Au nom des femmes

No 095 - Printemps 2023

Sara R. Harris

Au nom des femmes

Viviana Isaza

Sara R. Harris, Au nom des femmes, M Éditeur, 2022, 304p.

L’autrice Sara R. Farris est professeure en sociologie à l’Université Goldsmith de Londres. Elle s’intéresse aux mouvements féministes, au racisme et au marxisme. En 2017, elle publie la version originale de son livre In the Name of Women’s Rights : The Rise of Femonationalism aux Presses universitaires de Duke. Dans cet ouvrage, elle expose sa thèse sur le fémonationalisme : elle est la première à introduire ce terme dans l’analyse politique.

 Pour Farris, le fémonationalisme est l’exploitation des termes féministes par les parties nationalistes de droite et néo-libéraux qui renforcent leurs campagnes anti-Islam et anti-immigration au nom de l’égalité des genres. La notion de fémonationalisme offre un cadre théorique permettant l’analyse du déploiement de l’égalité des genres dans les campagnes xénophobes et dans les programmes politico-économiques visant notamment l’intégration civique des immigrant·es. L’autrice démontre que la revendication de l’inclusion des genres est imposée comme une valeur supérieure qui est fondamentale à l’intégration des immigrant·es dans une société occidentale. Cependant, cette valeur renforce le caractère raciste et nationaliste de leurs programmes et leurs campagnes en décrivant les Autres masculins, les non-Occidentaux, comme des oppresseurs, et les Autres femmes comme étant des victimes, des femmes qu’il faut sauver. Cette notion de « racialisation du sexisme » (p. 81) renforce la propagande des partis nationalistes de droite : les Autres ne représentent pas les valeurs occidentales. Cette formation idéologique s’inscrit dans des contextes spécifiques permettant l’instrumentalisation ou l’institutionnalisation du fémonationalisme.

 L’ouvrage académique est divisé en cinq chapitres étayant l’instrumentalisation du fémonationalisme et les paradoxes de cette stéréotypisation dans les rôles sociaux et économiques des femmes.

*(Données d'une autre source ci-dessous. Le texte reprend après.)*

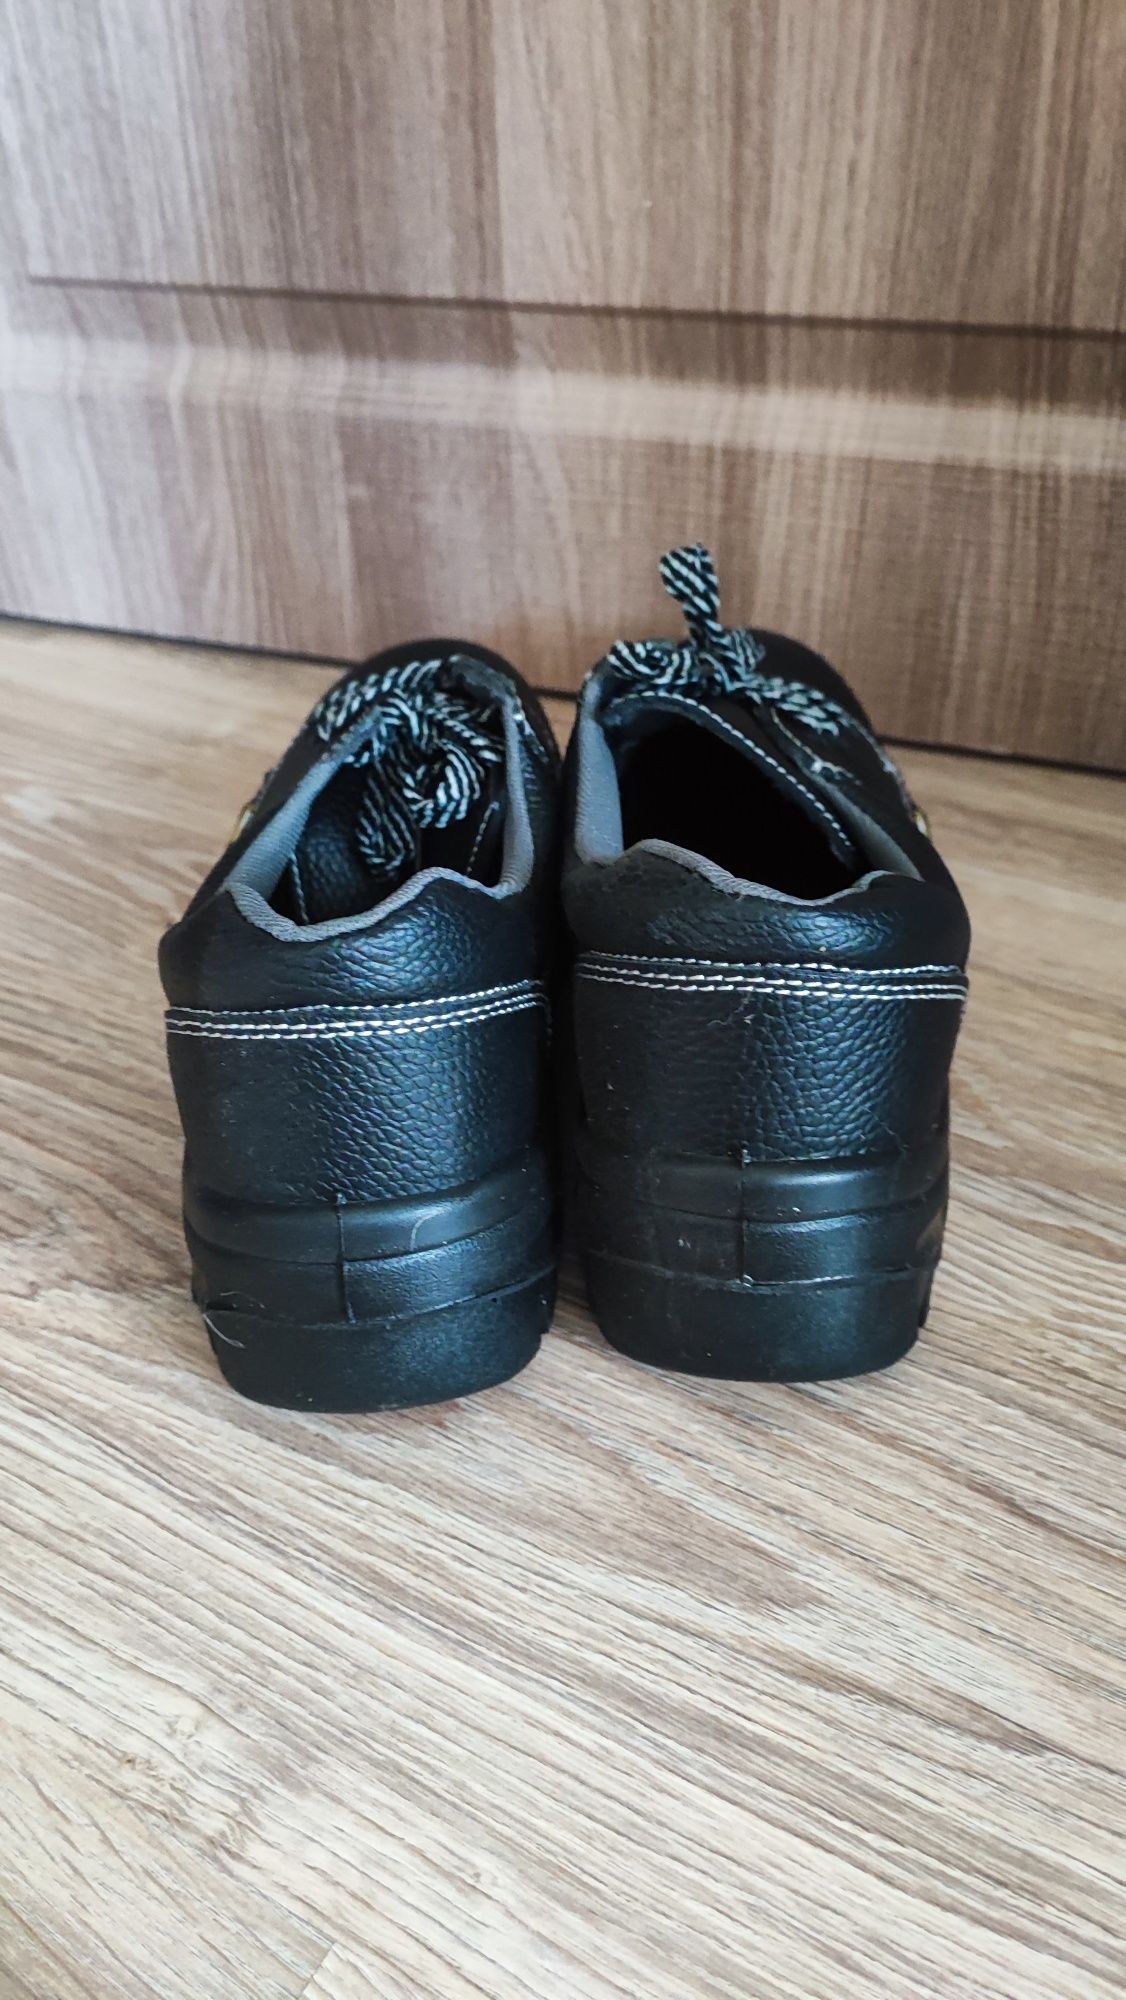 Мъжки обувки Safety shoes 44 номер

Par exemple, l’autrice nous démontre comment le rôle des femmes dans l’économie alimente paradoxalement la féminisation et la racialisation des marchés du travail au lieu de favoriser l’émancipation des droits des femmes. Par conséquent, il y a une contradiction lorsque les féministes ou les fémocrates poussent l’émancipation des femmes musulmanes et non occidentales tout en les orientant dans les secteurs domestiques peu rémunérateurs et précaires comme femme de ménage, gardienne, assistante pour les personnes âgées, tandis que le mouvement féministe cherche à libérer les femmes de ces secteurs (p. 33). Dans son analyse multidimensionnelle des dynamiques sociales, politiques et économiques, elle démontre que ce n’est pas une simple contradiction rhétorique, mais une « contradiction performative ». (p. 33).

 L’autrice se réfère au contexte des Pays-Bas, de la France et de l’Italie depuis les années 2000 pour l’étude du fémonationalisme. Elle tente de faire ressortir les parallèles sur les contextes nationaux et les acteurs et actrices politiques pour démontrer le caractère transnational du fémonationalisme (p. 35). Elle offre cette théorisation pour mettre une analyse politique de ce phénomène dans la politique nationale des pays d’Europe occidentale, mais pour l’Occident en général (p. 36).